Quase imediatamente após a chegada, Pequim anunciou exercícios militares com munição real no entorno de Taiwan, virtualmente cercando a ilha. Trata-se de uma jogada delicada: com a quantidade de embarcações americanas circulando na região há dias, um erro de cálculo poderia levar a repercussões imprevisíveis.

Parte dos mísseis usados nesse exercício, inclusive, chegou a cruzar a fronteira das águas taiwanesas e internacionais, aterrissando próximo ao Japão. Tóquio reclamou, interpretando o incidente como uma escalada no discurso bélico chinês contra os japoneses.

  • Economicamente, a China também mandou um recado de desaprovação e bloqueou a importação de mercadorias de 35 empresas taiwanesas. Entre os produtos banidos estão biscoitos, doces, itens de pesca e frutas;
  • Executivos de companhias de tecnologia –como das áreas de produção de equipamentos médicos, gerenciamento de cadeia fria e geração de energia solar– também foram proibidos de entrar no território continental chinês;
  • Até agora, porém, nenhuma restrição foi adotada contra a indústria de semicondutores, da qual a China continua dependente e que Taiwan lidera mundialmente.

Por sua parte, Nancy Pelosi publicou no jornal Washington Post um longo ensaio em que explica os motivos da visita. A deputada democrata diz que os americanos devem se lembrar da "promessa solene em apoiar a defesa de Taiwan" e "considerar quaisquer esforços para determinar o futuro da ilha por outros meios que não pacíficos como uma ameaça à paz e à segurança regional no Pacífico."

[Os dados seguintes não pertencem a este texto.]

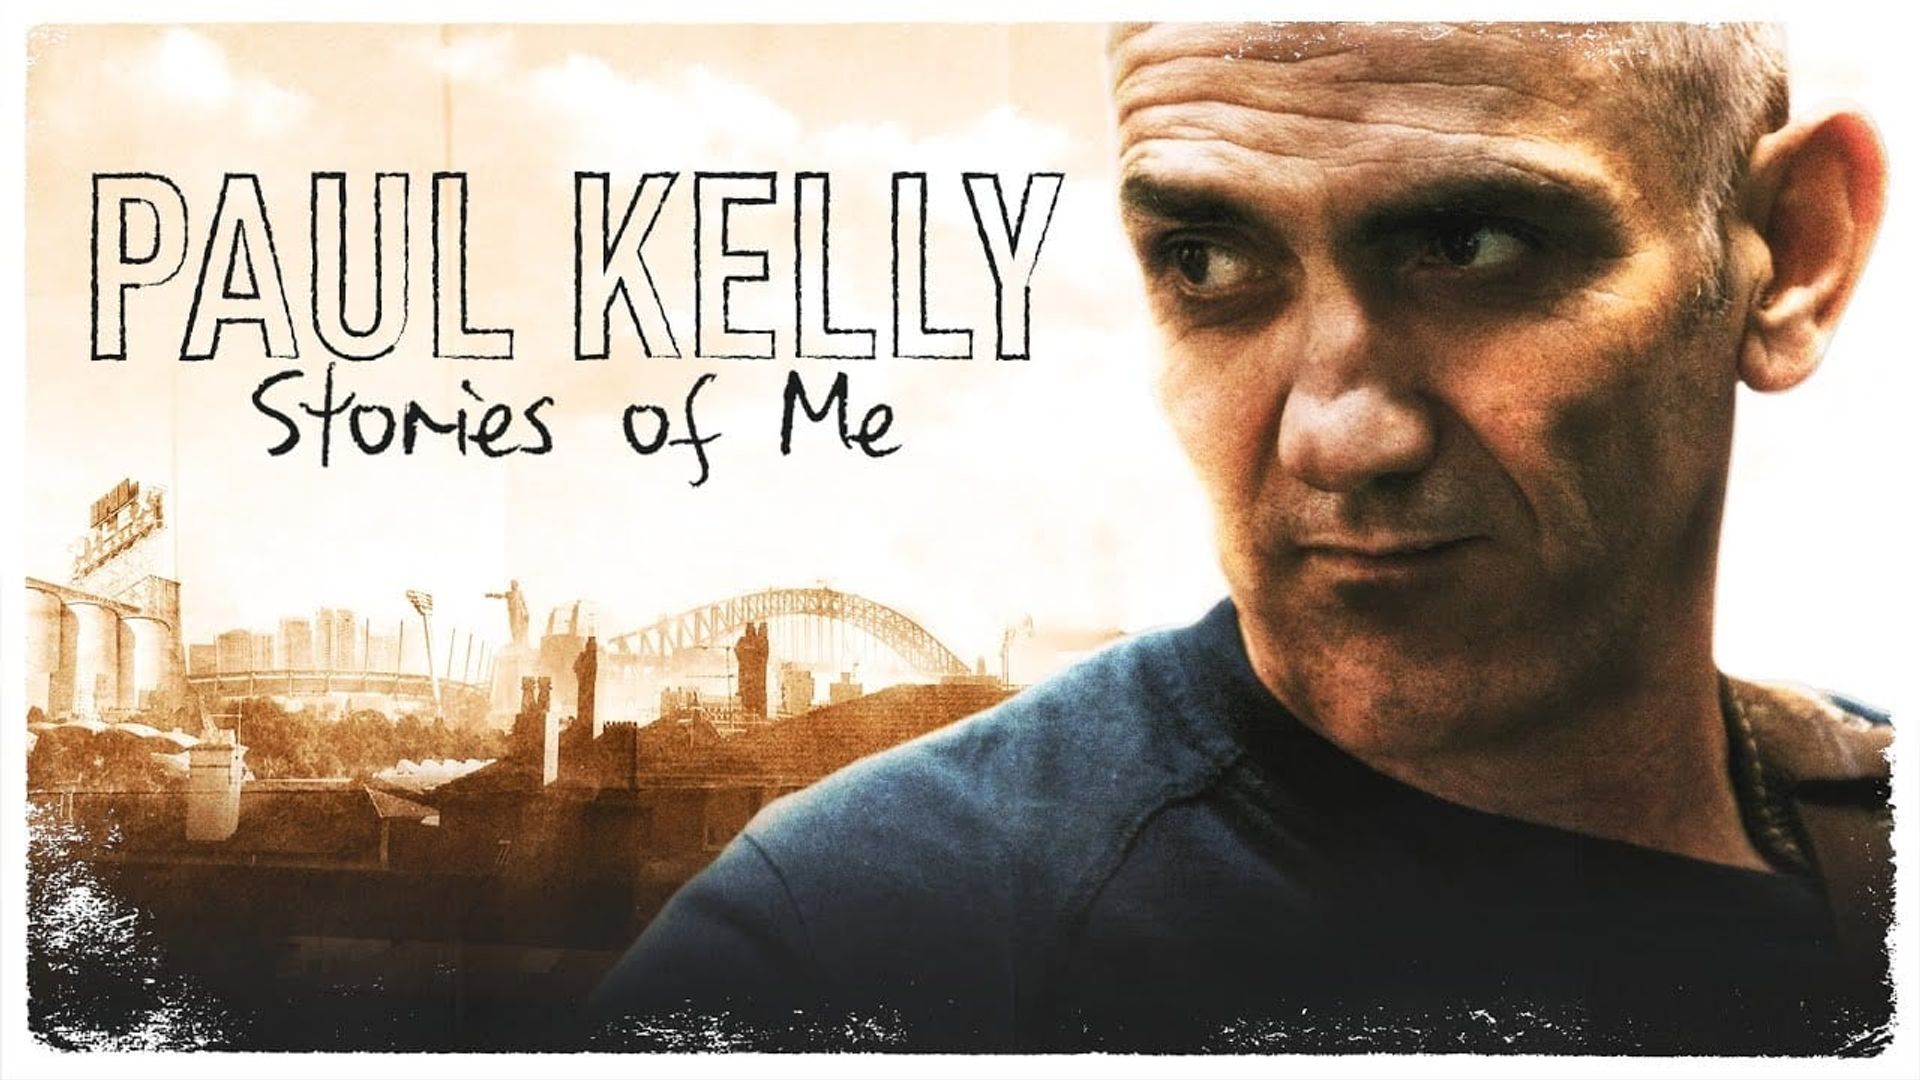 Paul Kelly - Stories of Me background

Por que importa: A visita de Nancy Pelosi pode ter um simbolismo forte dado o cargo que ela ocupa, mas não serve para dissipar uma dúvida que ronda a região há vários anos: se a China atacar, os Estados Unidos socorreriam Taiwan?

Décadas atrás, a resposta seria quase certamente positiva, mas o crescimento econômico chinês e a modernização das Forças Armadas por Pequim poderiam tornar este um conflito custoso e difícil demais de se justificar em Washington. Ao mesmo tempo, abster-se de agir passaria a aliados naquela região a impressão de que não é possível contar com a boa vontade americana, levando a uma corrida armamentista difícil de controlar.

dica da semana

Você já deve ter lido bastante sobre as repercussões políticas da visita de Nancy Pelosi a Taiwan, mas se quiser entender os dilemas militares envolvidos na questão, recomendo assistir a este vídeo do coronel da reserva Paulo Roberto da Silva Gomes Filho. Ele também falou sobre o assunto no nosso blog na Folha.

o que também importa

Um periódico do Partido Comunista Chinês divulgou na quinta (4) um artigo em que instiga a mídia estatal a usar "ofensa como meio de defesa" no trato com questões sensíveis ao país.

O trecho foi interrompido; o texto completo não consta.